Atelier, jeudi au lycée d’Issoire. La prof doc nous court après : « Il faut valider absolument sur le passculture le financement des ateliers. Ca ferme demain ! » Les recteurs et la direction des établissements scolaires viennent de l’apprendre : on coupe le financement du passculture…le lendemain.
D’abord qu’est-ce que le passculture ?
En 2019, Le président de la république annonce une enveloppe budgétaire afin de relier le monde de l’école avec celui de la culture par deux biais. Une part individuelle permettant à chaque élève de 18 ans d’obtenir un chèque de 300 euros pour aller à des expositions, projections, ou encore acheter des livre ou des places de concert. Une autre part dite collective, est gérée par les établissements afin de proposer des sorties culturelles, rencontres avec les artistes, mise en place d’ateliers pour des classes entières.
Ainsi, vendredi c’est une autre enseignante, défaite qui me demande de remplir rapidement notre offre d’ateliers. Mais il est trop tard. Le site est pris d’assaut et il est impossible d’y déposer de nouvelles commandes. Elle soupire : « on devait emmener nos terminales à Oradour-Sur-Glane au printemps, c’est dramatique pour les enseignants, les élèves et le monde de la culture. »
25 millions d’économies sur le budget de la part collective
En tout, le passculture, parts individuelle et collective réunies coûtaient jusqu’alors, 210 millions d’euros.
97 millions étaient destinés à la part collective.

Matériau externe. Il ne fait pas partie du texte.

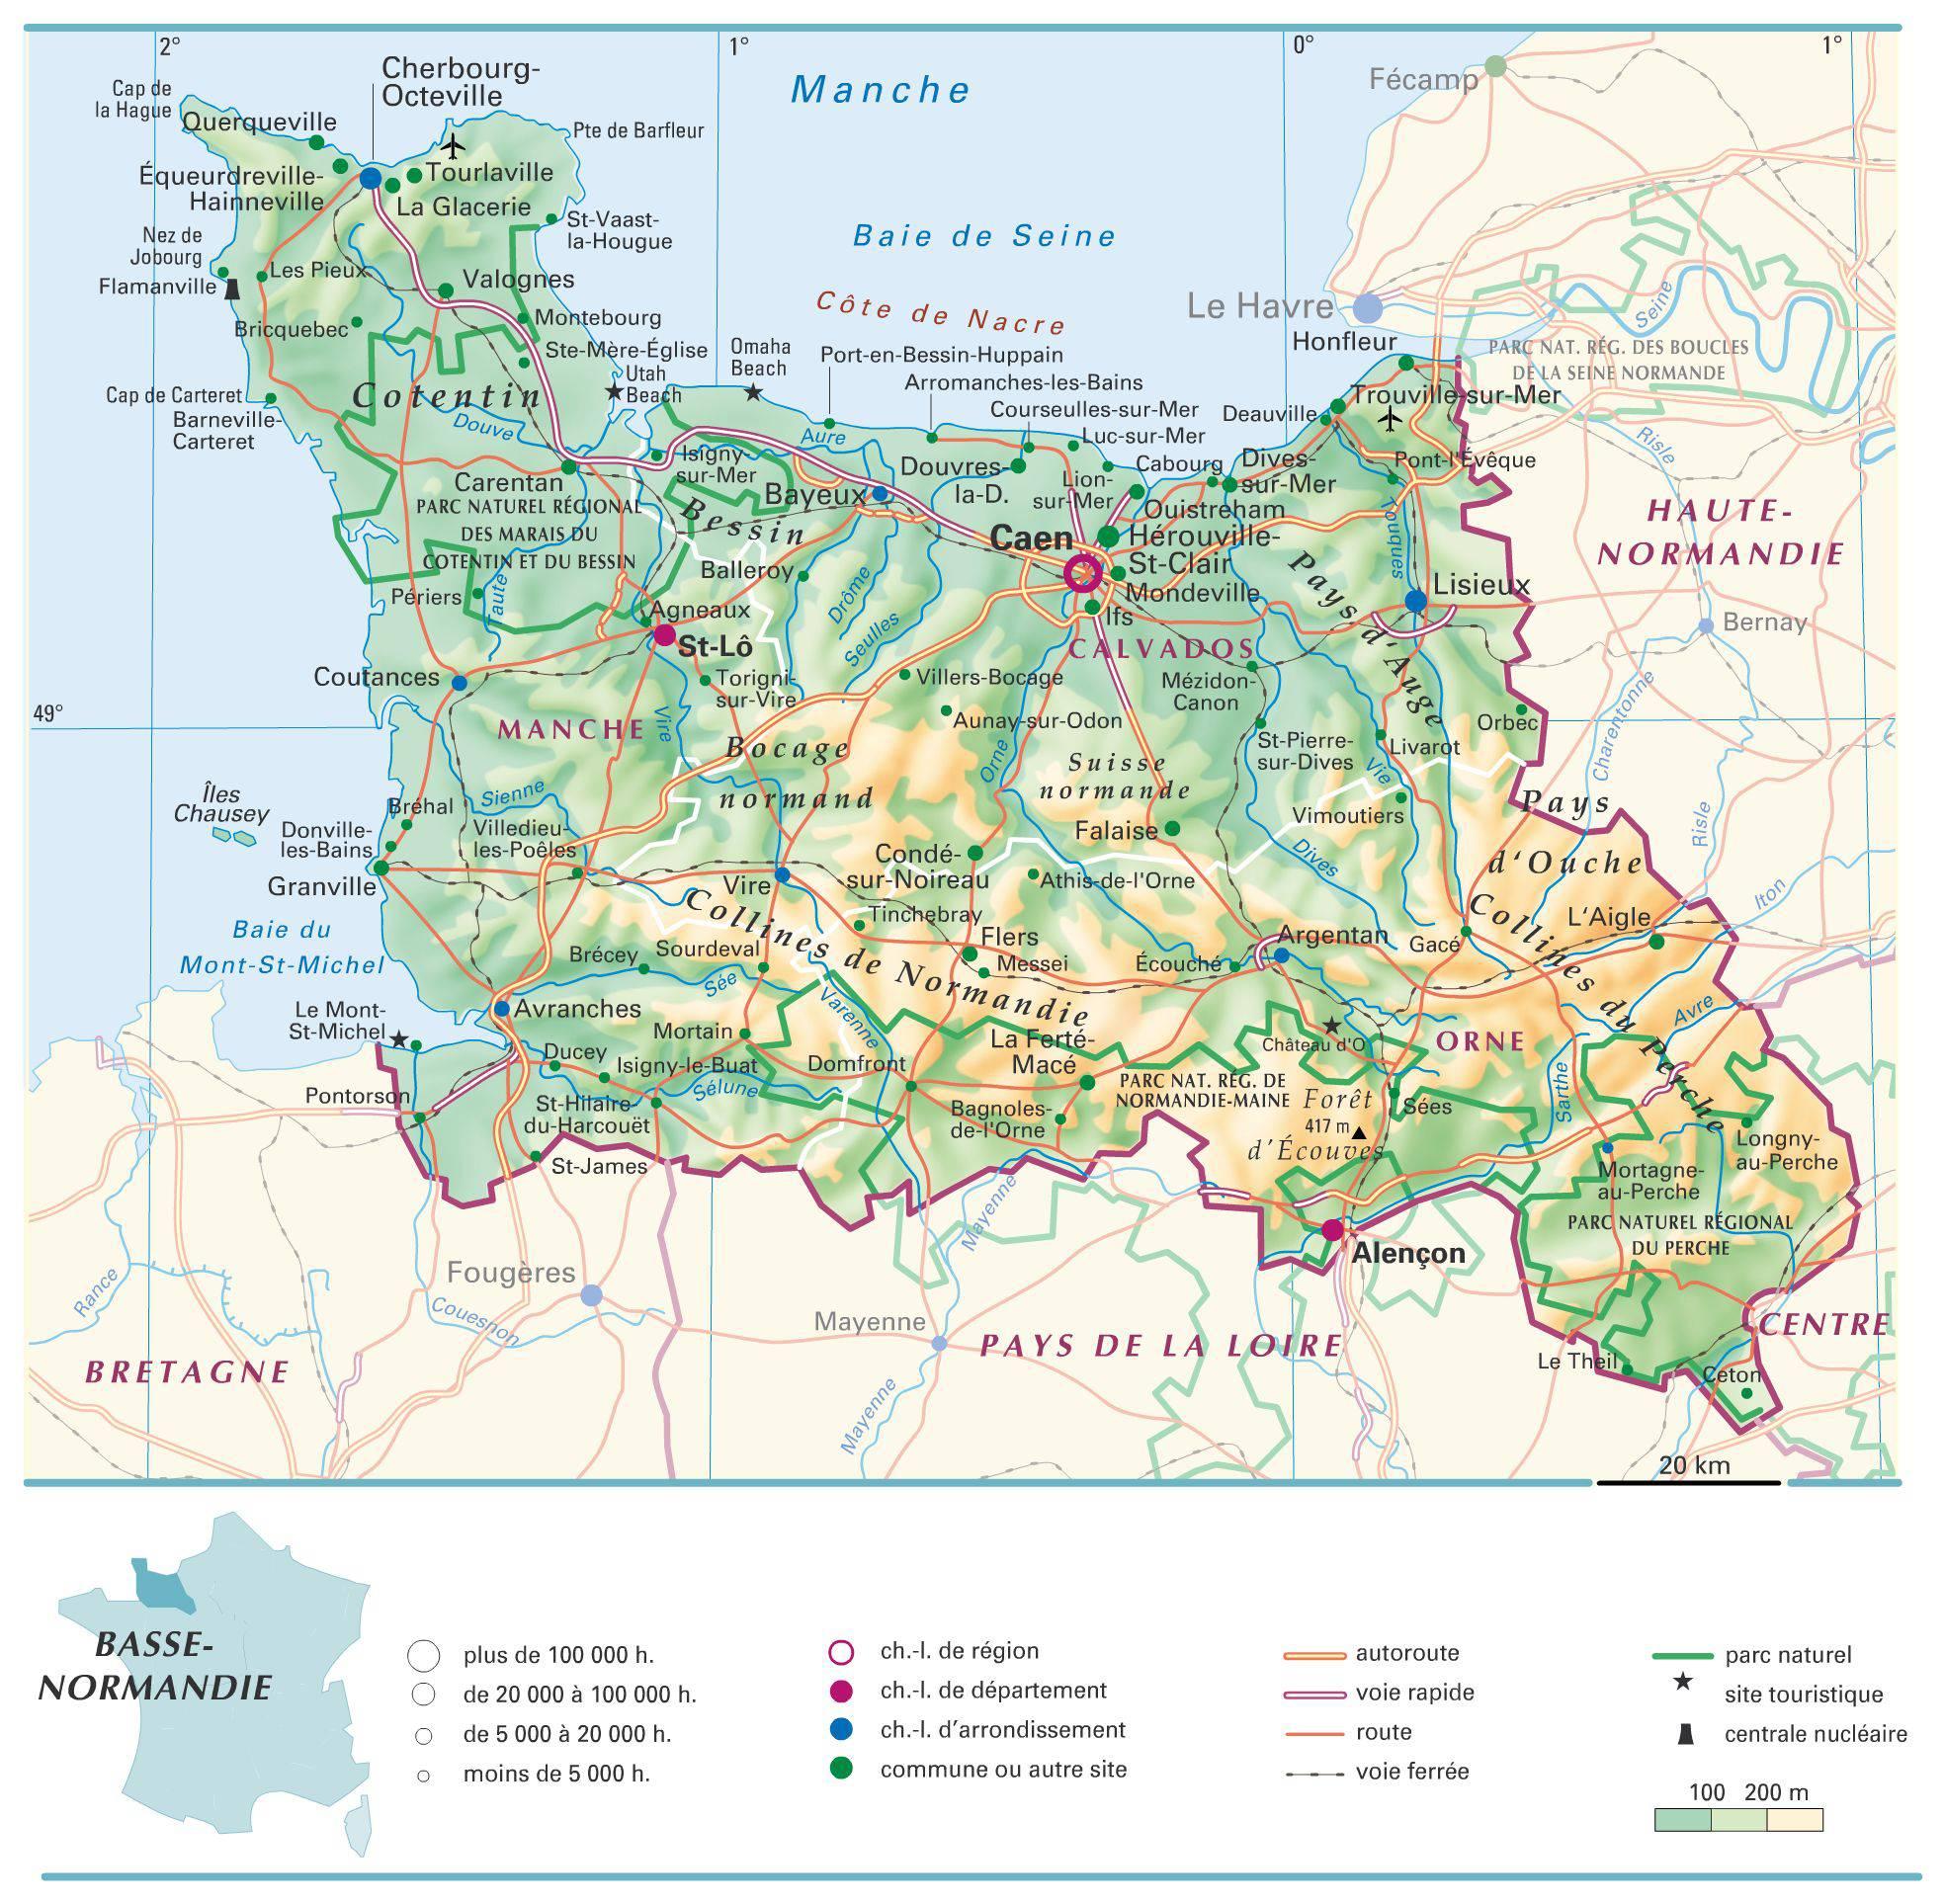 Basse-Normandie carte

Mais, une baisse de 25 millions a été votée le 15 janvier par le Sénat dans le projet de loi des finances 2025. Les députés de la commission culturelle avaient entendu Sébastien Cavalier, président de la société passculture, peu satisfaits du rendu des rapports de ce dernier.
Ainsi, alors que 25 millions ont été retirés du budget, 40 millions avaient déjà été utilisés en janvier. Pour cette raison, il a été décidé de ne distribuer que 50 millions d’euros jusqu’en juin, afin de garder 22 millions pour la rentrée de septembre à décembre.
Mais, dès que les établissements et acteurs culturels ont eu connaissance de la coupe budgétaire, ils se sont rués sur le site de mise en place des offres et les 10 millions d’euros ont été épuisés en 48 heures.
Le 31 janvier, donc le site a annoncé qu’il n’était plus possible de réserver de sorties, rencontres, et autres manifestations culturelles.
Prévenus de la coupe budgétaire la veille de la fermeture du site
Ainsi, en plus du fond qui consiste à réduire une enveloppe culturelle à destination des jeunes, dans le cadre scolaire, alors même que cette enveloppe est victime de son succès, et donc nécessaire, c’est la forme qui met en colère.
Tout s’est joué en catimini. Seules quelques rumeurs se sont échappées des couloirs du ministère. Pour les autres, l’annonce officielle du coup de rabot n’a été annoncée que 48 heures avant la fermeture du site. Cette décision non concertée et brutale est la conséquence de la situation budgétaire inédite. Et la culture est toujours la première touchée lorsqu’il s’agit de faire des économies.
« On essaiera de finaliser nos projets avec nos fonds propres » tente de rassurer une enseignante, qui poursuit : « Même si les dotations là aussi fondent comme neige au soleil. »
Un autre enseignant, qui a l’habitude de nous faire intervenir dans sa classe envoie un mail. « Allons tous avec nos fourches au Puy-du-Fou! »
En effet, alors que Rachida Dati annonçait que la part individuelle n’était pas satisfaisante car les jeunes dépensaient leur argent dans des sorties peu culturelles, elle a décidé d’ouvrir ce pass au Puy Du Fou. « Alors qu’on ne pourra plus emmener nos enfants à Oradour Sur Glane, avec la part collective. » Rappelle la prof documentaliste au bout du téléphone.
Inquiets, syndicats du monde culturel et enseignant risquent de monter au créneau ces prochains jours. « Parce que ça marche ce pass culture. Les élèves ont besoin d’apprendre autrement, en voyageant, en rencontrant des professionnels, comme avec vous, des journalistes qui leur font de la critique des médias. La part collective est juste, elle permet à toute une classe d’avoir accès à la culture autrement. Pourquoi à chaque fois qu’une chose marche il faut la saborder ? » S’agace une prof d’histoire.
Le passculture devrait donc faire débat encore quelques temps, aussi parce qu’il est géré par une SAS, « entièrement financée par l’Etat mais peu surveillée« , comme l’a rappelé Rachida Dati, la semaine dernière.
La reprise des offres n’aura lieu qu’en septembre avec une enveloppe réduite à peau de chagrin. Une rentrée qui risque donc d’être tendue.